The SOC team closely monitors the company's assets, from on-premises servers in the data
center to cloud resources. Close monitoring is important. As such, SOC team members monitor
servers, endpoints, and perimeter devices such as firewalls and switches.

Fig 1. Security Information & Event Management (SIEM)

Members of the SOC team then carefully interpret this data to provide actionable information.
Part of this interpretation is eliminating duplicate data and identifying the root cause of the
problem. This activity is often called data normalization. Viewing the SIEM tool log file is not
sufficient.
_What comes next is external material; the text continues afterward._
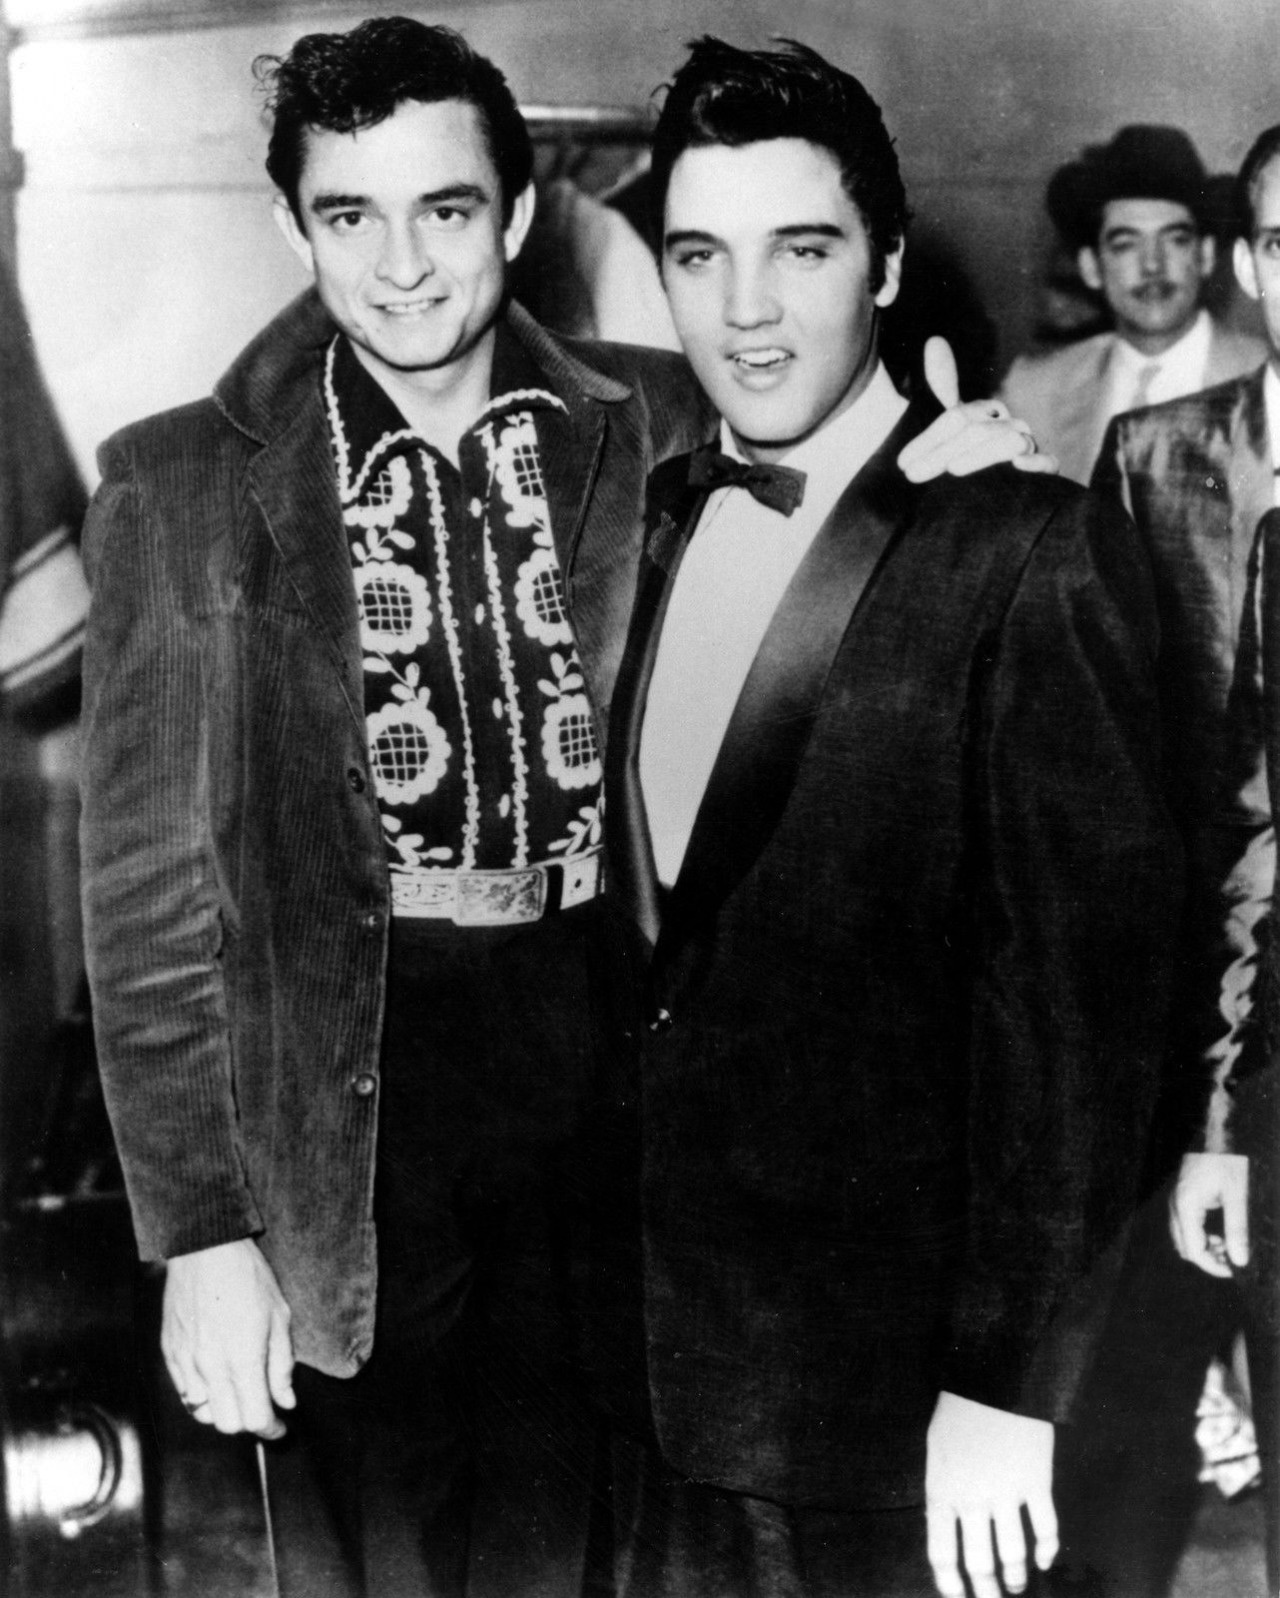 Elvis Presley and Johnny Cash pose in Memphis, Tennessee in 1957.
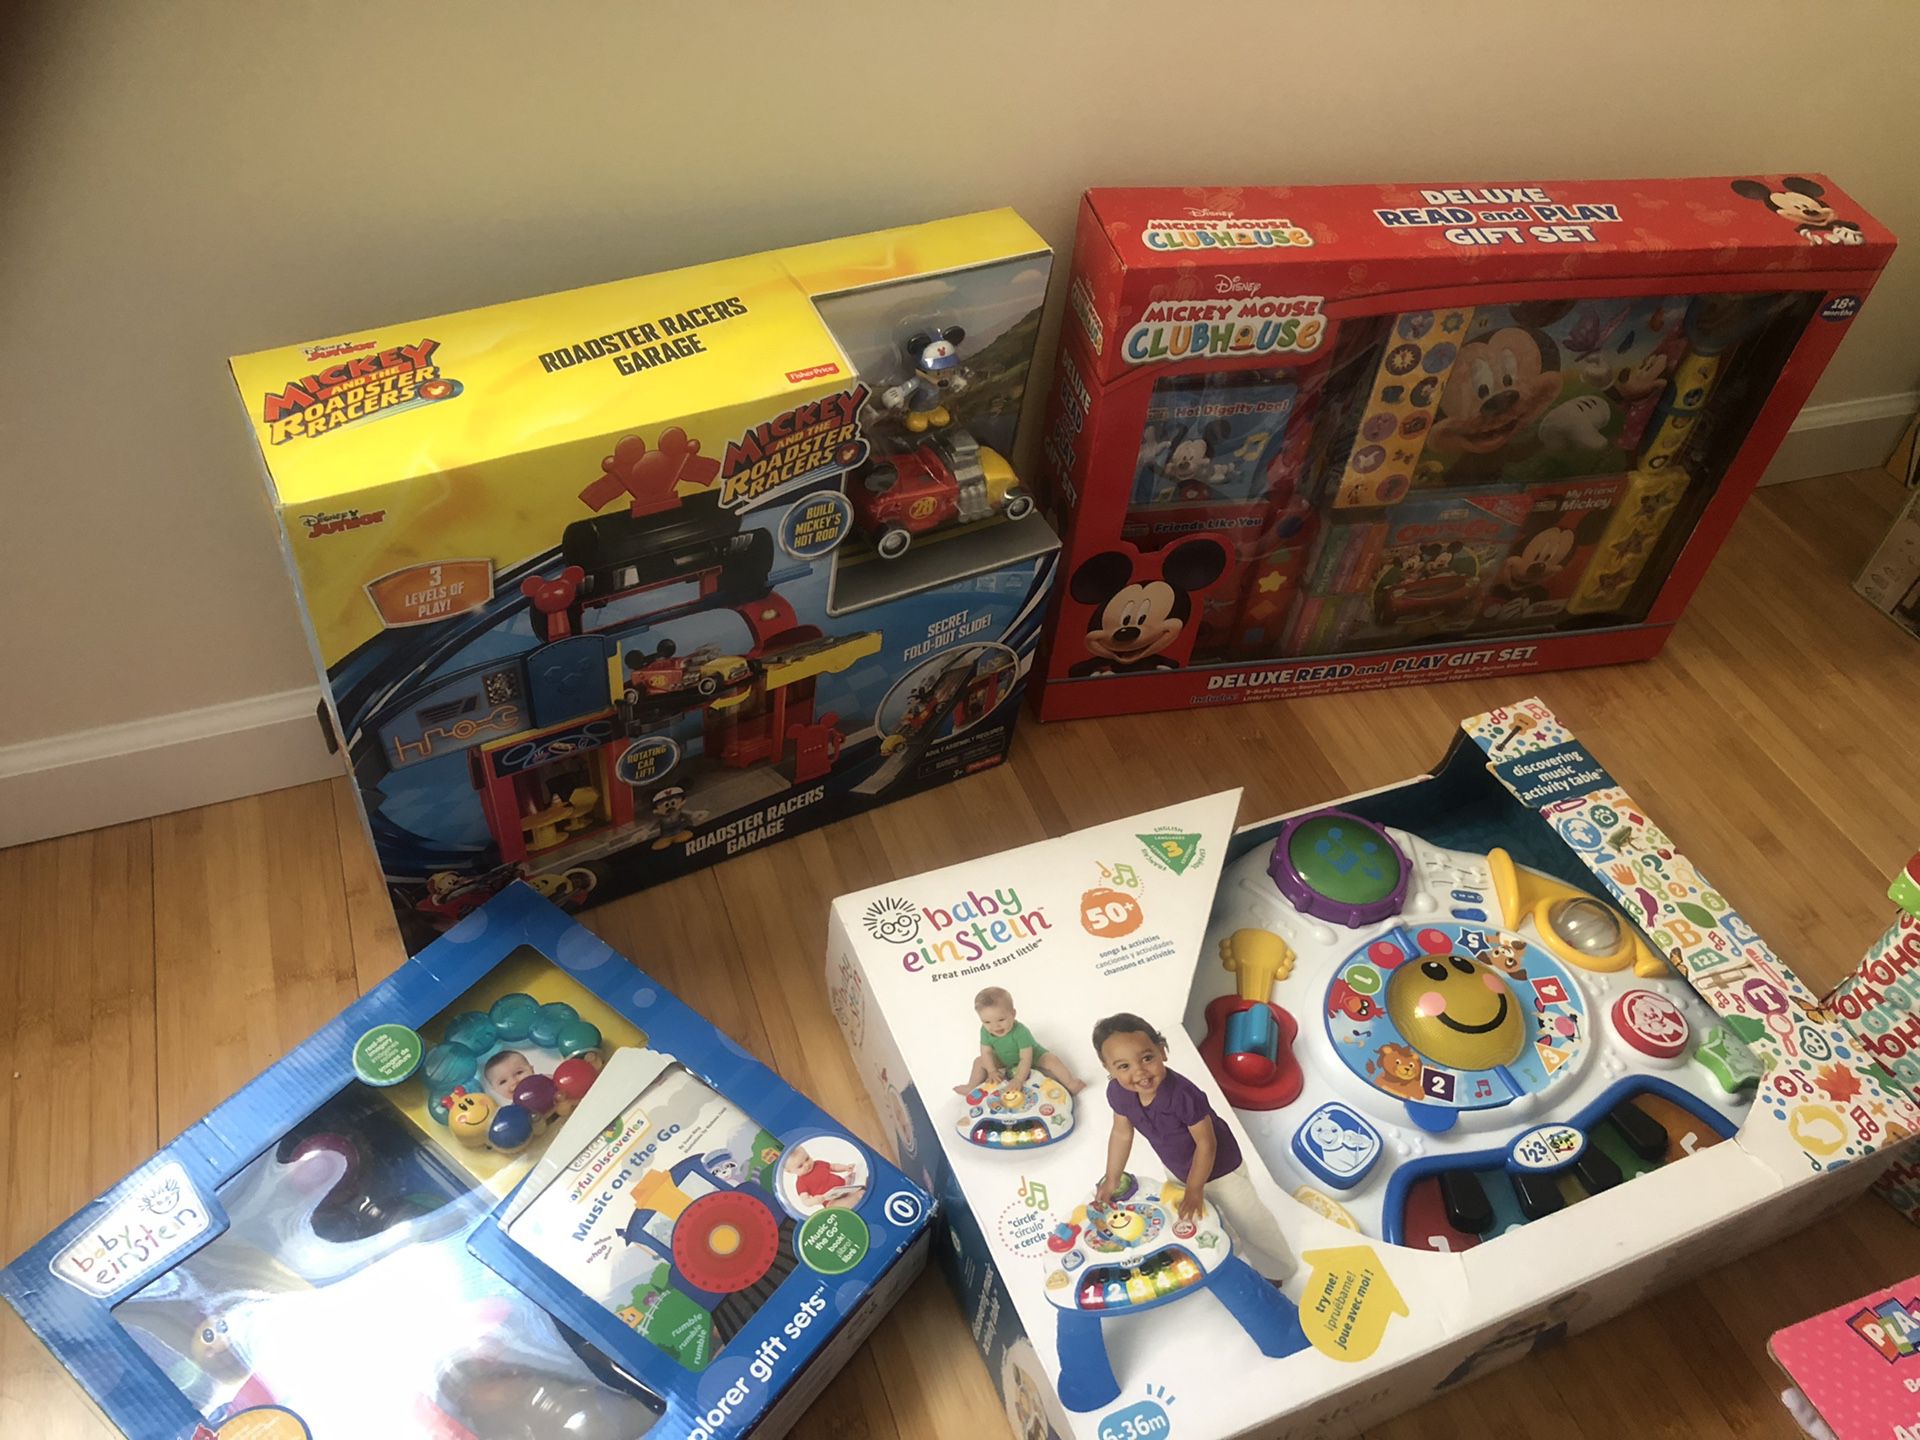 Baby and toddler toys

Employees must have sufficient experience and wisdom to interpret the data
correctly.
The ideal SOC team member plays a key role in interpreting information in many different ways.
SOC team members spend a lot of time identifying ideal breeding ground conditions for
hackers.

This can include looking for the following:

● Unpatched server endpoints: Updating your system may seem like a trivial step, but it
really isn't. SOC team members can help flag unpatched systems and identify alternative
courses of action. For example, if for some reason a system cannot be easily patched, it
may be necessary to monitor the unpatched system until it is time to patch it properly.
● Vulnerable endpoints: This may include those that have poorly updated virus definitions
or even no good working antivirus.
● Perimeter and edge devices that demonstrate characteristics of neglect: These may
include routers, switches and other network devices that are on your network or just
beyond your network that are not properly updated and secured.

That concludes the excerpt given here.